I failed

Standard

I said I was going to write something on here everyday, but I forgot and I’m just plain lazy and couldn’t be bothered. I started year 11, boring and sickly as expected. My 2nd day back a year 8 pushed his friend into me so I fell into the wall. My new graphics teacher called on me in class and made me all embarrassed. I’m currently at home because I was ill on Monday-Wednesday and I was dropped off in school but I walked home before it started. I walked home because as soon as I got in school I got told by my friend that I needed a note to give my tutor to say why I’ve been off school, or he’d moan at me (stupid because I’ve already rang the main office and told them my reasons for being off school).

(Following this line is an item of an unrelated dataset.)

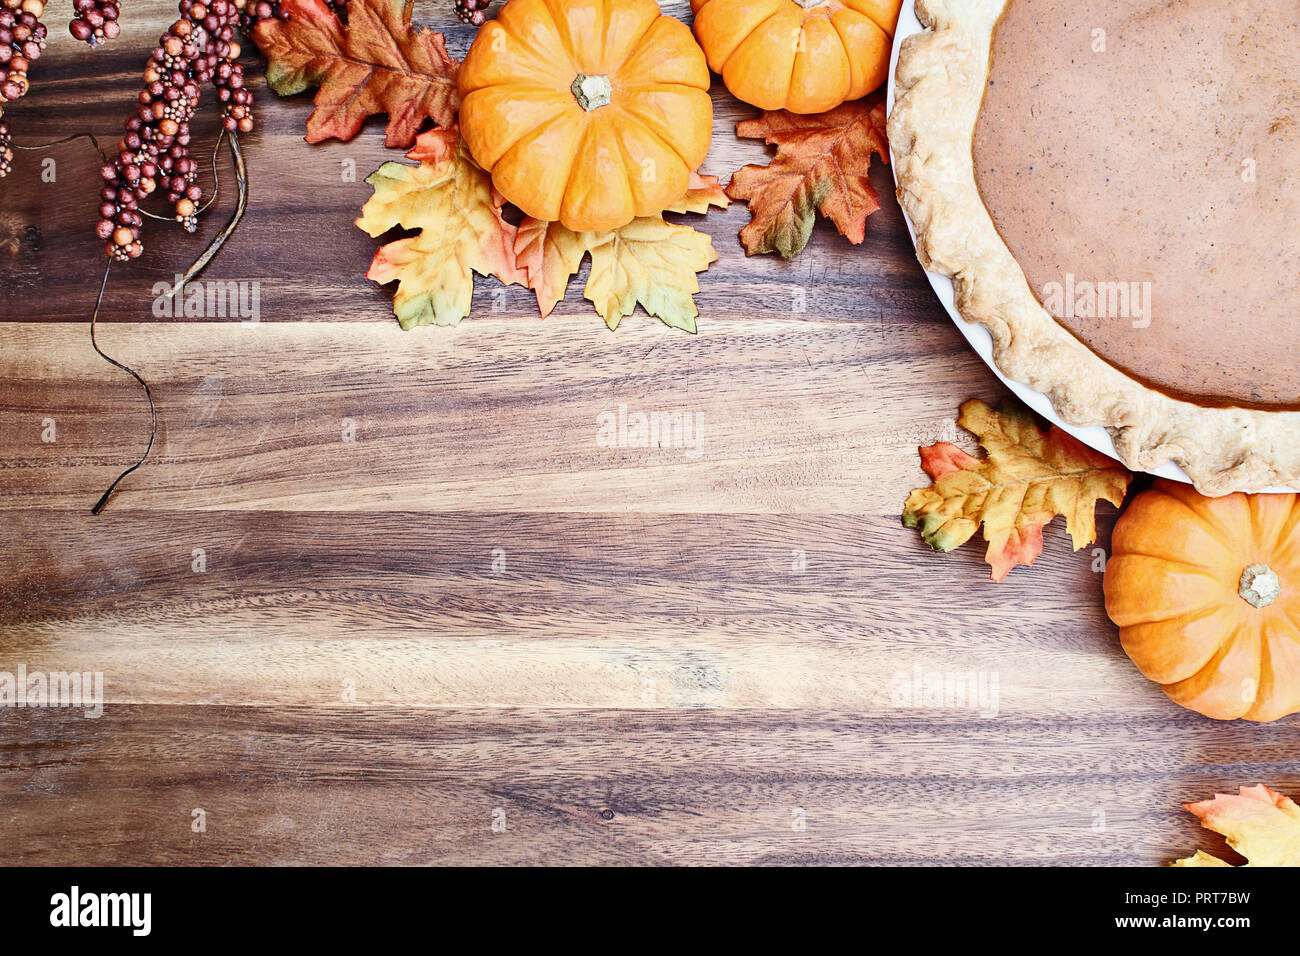 Homemade pumpkin pie in pie plate with little pumpkins, autumn leaves and room for text over rustic wooden background. Image shot from overhead. Stock Photo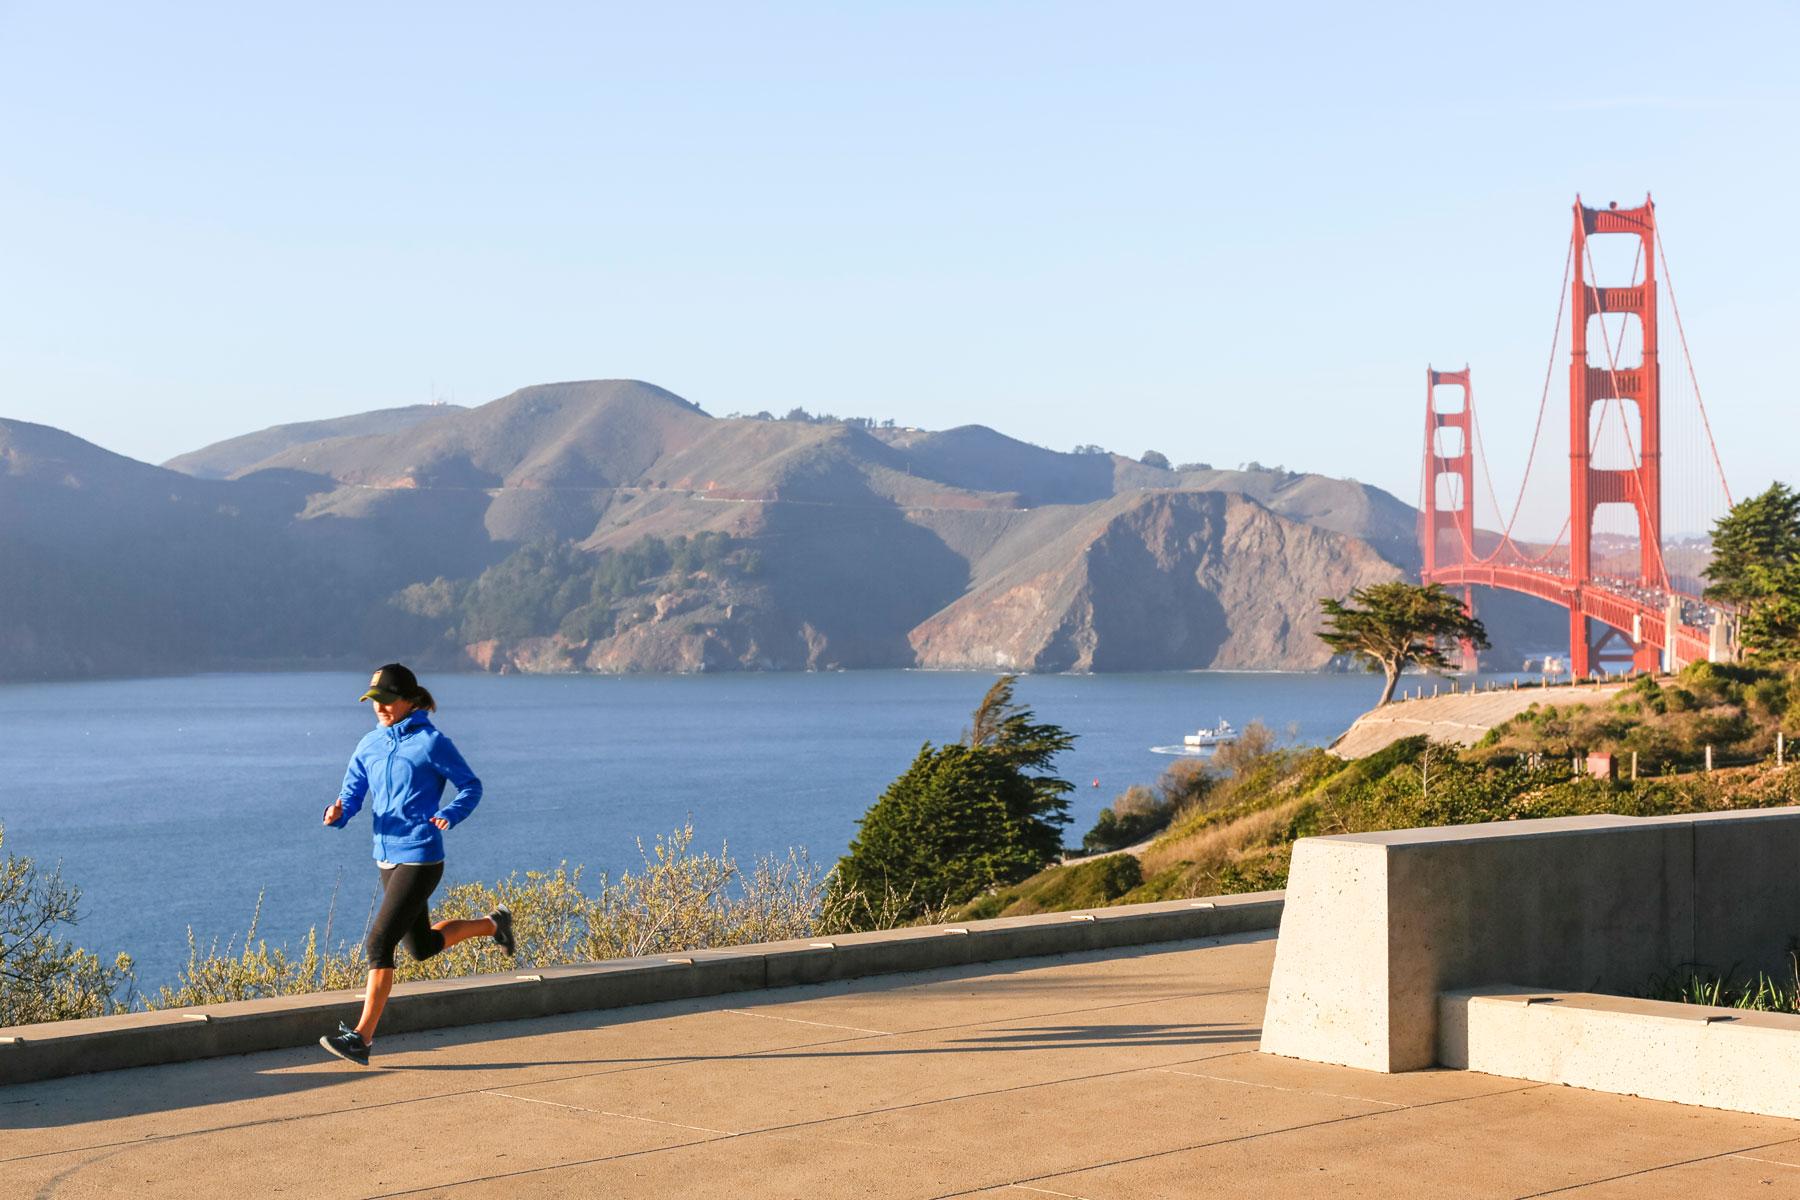 Runner at the Pacific Overlook, with the Golden Gate Bridge in the background. Photo by Jay Graham.

And then my other friend came over to me and asked me if I’d done my maths homework, to which I said no because I wasn’t in. Then she told me that someone didn’t do their homework because they weren’t in, and my maths teacher shouted at them in front of the entire class. So I told my friends that I was going to see if my mum’s car was outside so I could rush home and do my homework. But actually I knew her car wasn’t there and I walked home. I walked home because I knew that if the teacher actually shouted at me I would get embarrassed and probably start crying. I’m such a coward. I walked home from school in the freezing cold with no coat to avoid being shouted at… I’m so lame. This isn’t much of an entry but all I’m doing is watching friends on comedy central. I hate school, not even in the typical “school is boring I hate it” way. I hate it because it makes me feel sick, I wake up in the morning and I want to throw-up. I get so nervous about the most stupid things, I hate being asked questions in class because it makes people look at me. On a brighter note I know it’s nowhere near Christmas, but a Christmas episode of friends just came on tv and I can’t wait for Christmas. I have thick Christmas socks on now.